The model 800 may be run continuously, until the discriminator 808 outputs a determination at 810, that the generated sample is “real”, wherein the discriminator 808 is unable to discriminate between a real-world data 804 sample and the generated sample. At such a point, the sample is determined to be the final output of the model 800.


In the example of the methods 120, 140 and 160, a GAN such as the GAN 800 described above may be employed as the trained ML model. In some examples, a variation of a GAN, similar to GAN 800 may be employed in the methods 120, 140 and 160. For example, a GAN purposely designed for image style shifting or image to image translation may be applied. Such GANs are configured to convert an image from one style domain (e.g., the base map) to another style domain (e.g., the vectorized polygon representation), according to the provided paired training dataset.

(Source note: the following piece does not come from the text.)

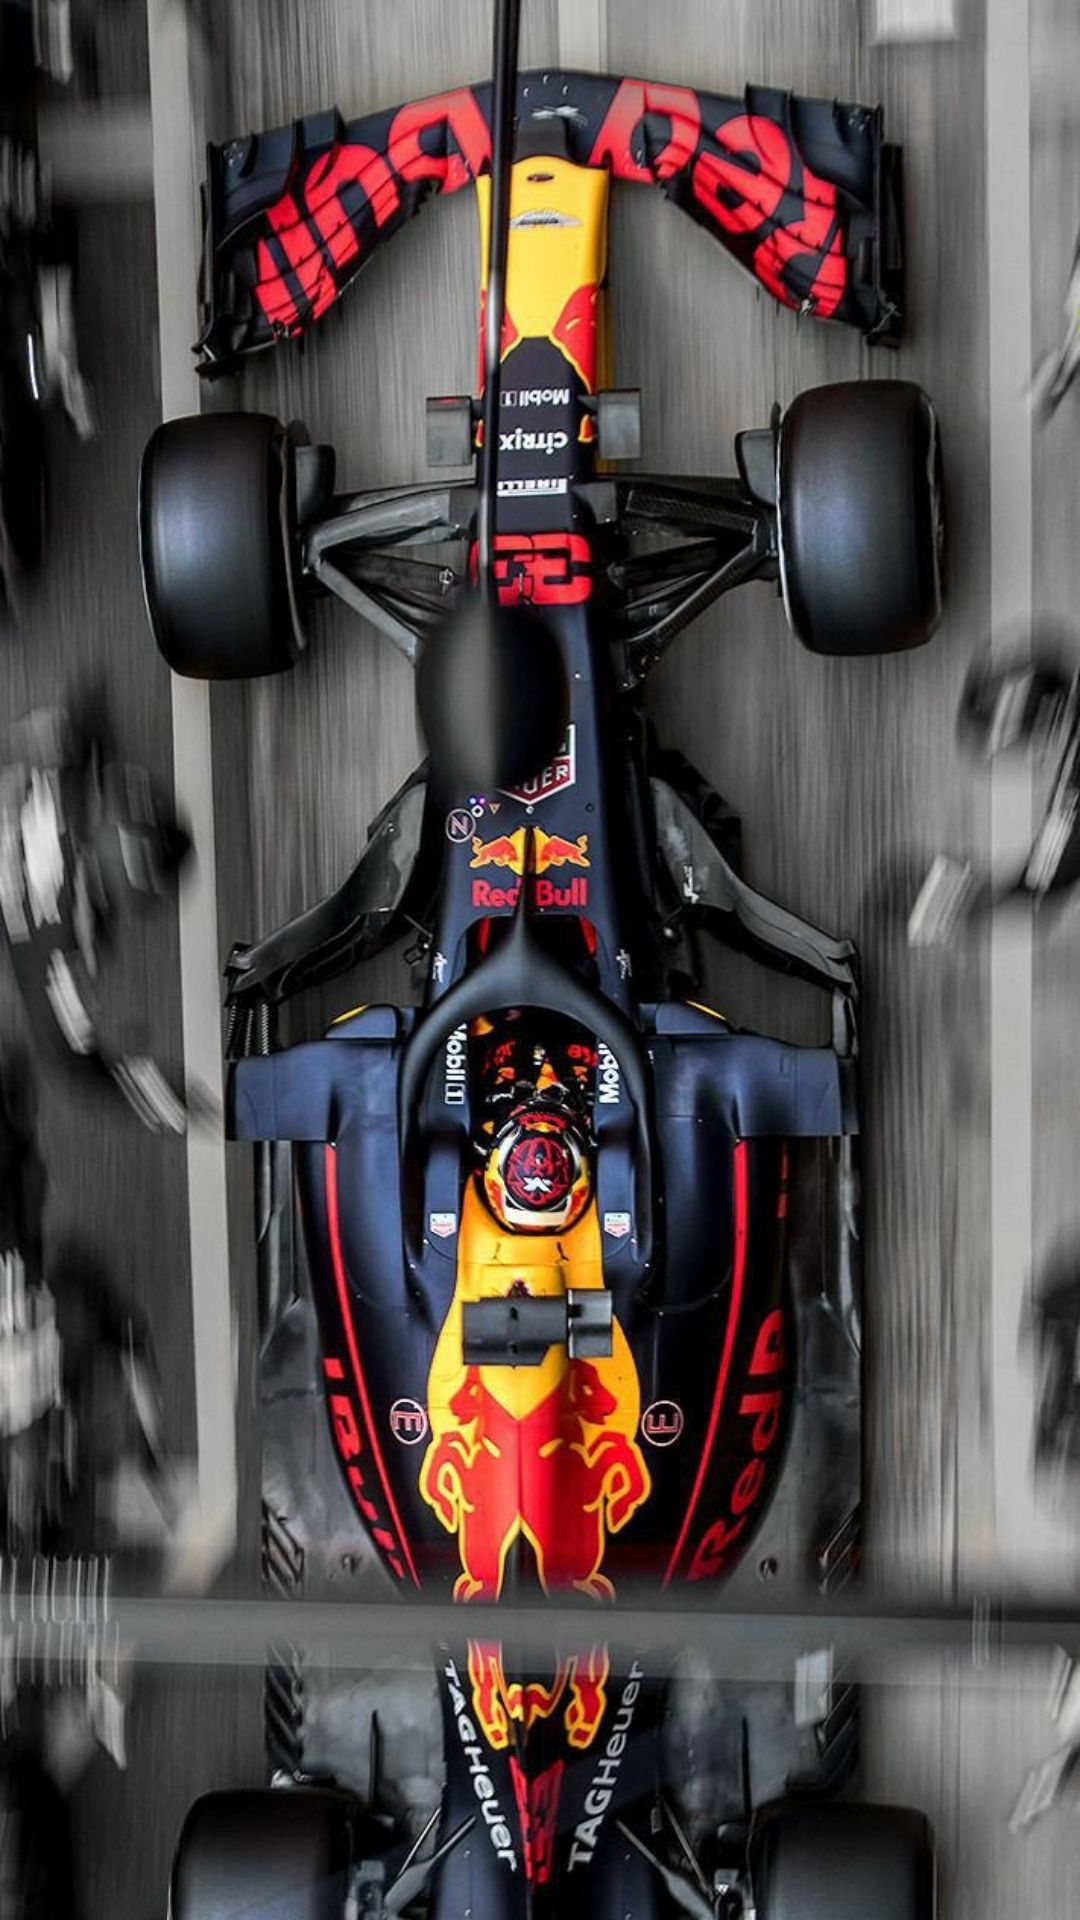 1080x1920 Red Bull F1 Racing Wallpapers Top 30 Best Red Bull F1 Racing Wallpapers Download

According to some embodiments, pix2pixHD or a similar ML model or software package configured for image style transfer applications may be employed by methods 120, 140 and 160 as the ML model. Pix2pixHD comprises a GAN based machine learning model, which may synthesize high resolution images (e.g., up to 2048×1024 pixels), and may provide for image style translation functionality when provided with an appropriate paired image training set. The pix2pixHD generator component comprises groups of convolution layers, followed by groups of residual network layers followed by groups of deconvolution layers. The pix2pixHD discriminator component comprises a multiscale discriminator, wherein multiple discriminators are employed, each evaluating inputs at different scales, such that various receptive fields and levels of detail may be evaluated by the discriminator.


In some examples, wherein pix2pixHD is employed, hyperparameters may include number of iterations, number of decay iterations, learning rate, loadSize, fineSize, Adam Optimizer Momentum, BatchSize, and n_layers_D. In some examples, pix2pixHD hyperparameters may be configured such that number of iterations=200, number of decay iterations=200, learning rate=0.0002, loadSize=1024, fineSize, =512 Adam Optimizer Momentum=0.5, BatchSize=1, and n_layers_D=3. Such a configuration may result in good performance, and high-quality output. In other examples, hyperparameters may vary from the hyperparameters provided herein.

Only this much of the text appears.